# A question about DIY class D audio amplifier



## suzy (Jan 13, 2017)

I'm trying to DIY class D audio amplifier. I had a question about the design though. Since this is a single-supply class D amp, what does the low-side switch do? When the high-side is on, the voltage potential is VCC to ground, but low side just connects the speakers ground to the MOSFET ground instead of to a negative supply. Did I miss something? Thank you!


----------



## rlavallee (Apr 21, 2015)

suzy said:


> I'm trying to DIY class D audio amplifier. I had a question about the design though. Since this is a single-supply class D amp, what does the low-side switch do? When the high-side is on, the voltage potential is VCC to ground, but low side just connects the speakers ground to the MOSFET ground instead of to a negative supply. Did I miss something? Thank you!


I too have been looking into Class D amps for a project. I find that there are three variations. The typical integrated type (all in a single IC package) use a single power supply voltage as you describe and are wired BTL or have a series capacitor coupled output. I thought the later went out in the 60's but its back in class D, primarily for automotive market, I think. The former, Balanced Transformer-Less, uses two outputs where each output sit at 1/2 the power supply voltage. (Is this dangerous?) The two outputs are driven out-of-phase producing double the AC peak to peak voltage to the speaker and theoretically four times the power for the given power supply voltage. Also very helpful for automotive or inexpensive amplifiers of 100 watts or more.

Then, finally there is the type which uses two power supplies (separate positive and negative power supplies like most analog amplifiers) for a ground referenced output. These often use external MOSFETs to produce a good power level in a "normal" way. I think most of the professional sound amps are this style.
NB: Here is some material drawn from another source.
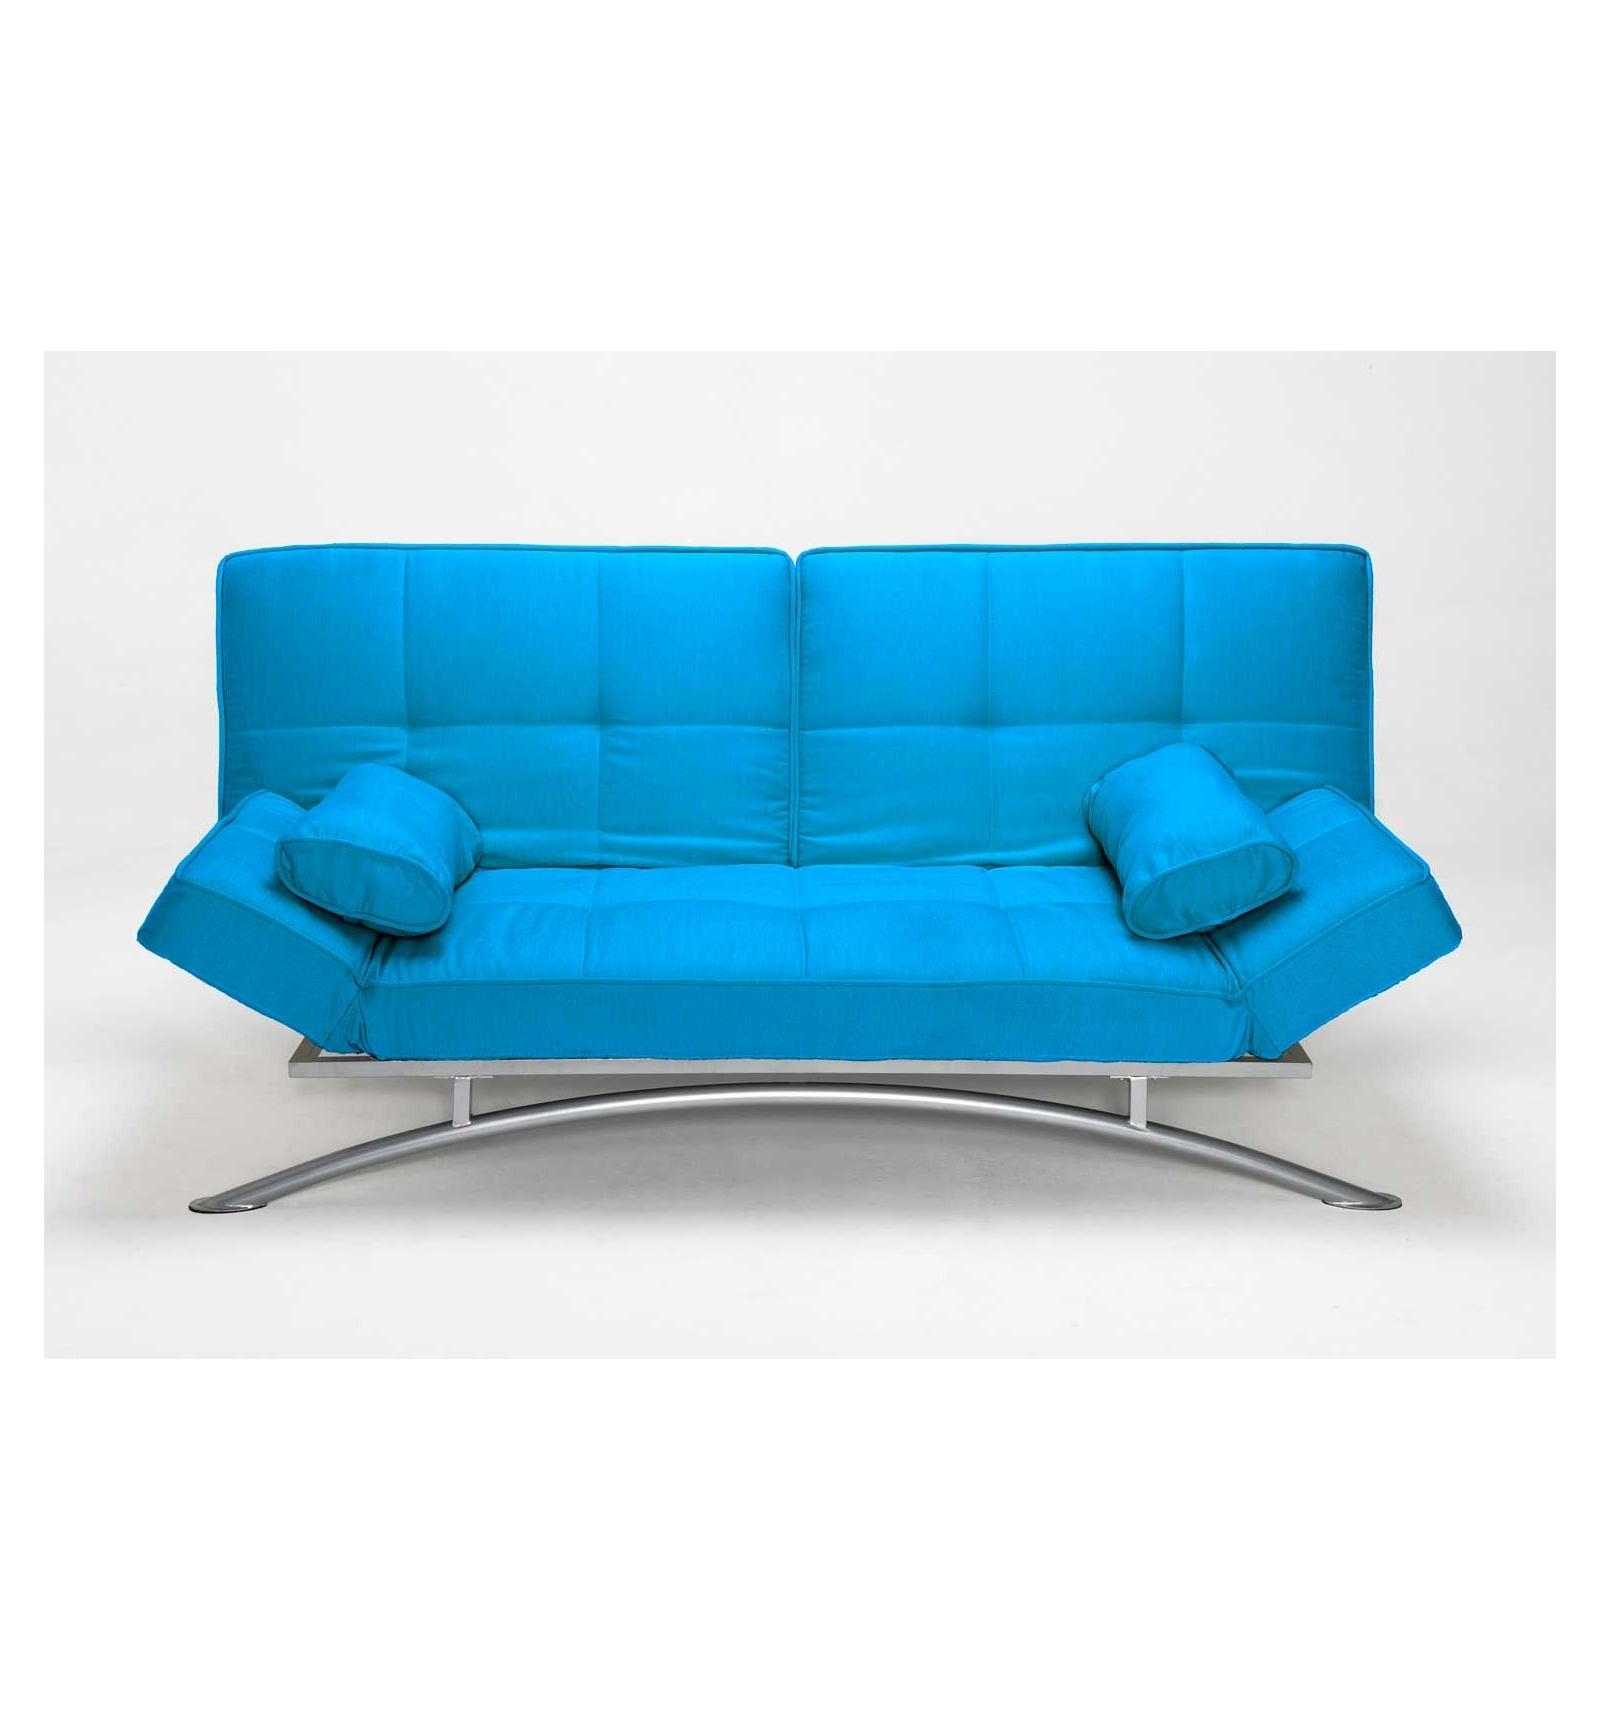 banquette convertible. Black Bedroom Furniture Sets. Home Design Ideas

So it all depends on which driver chips or power chips you use, and there are so many these days! Hope this helps.


----------



## turboeclipse (Mar 30, 2010)

It just means the zero output would be at half the positive supply rail. If the positive side is at 24V then the output at zero is 12V. A full-scale output sine wave would swing between 24V and GND with the zero crossing point at 12V. There are half-bridge, full-bridge, and bridged tied low output stage designs used for class-D. The most common used today is the full-bridge or H-bridge as it is sometimes referred to.


----------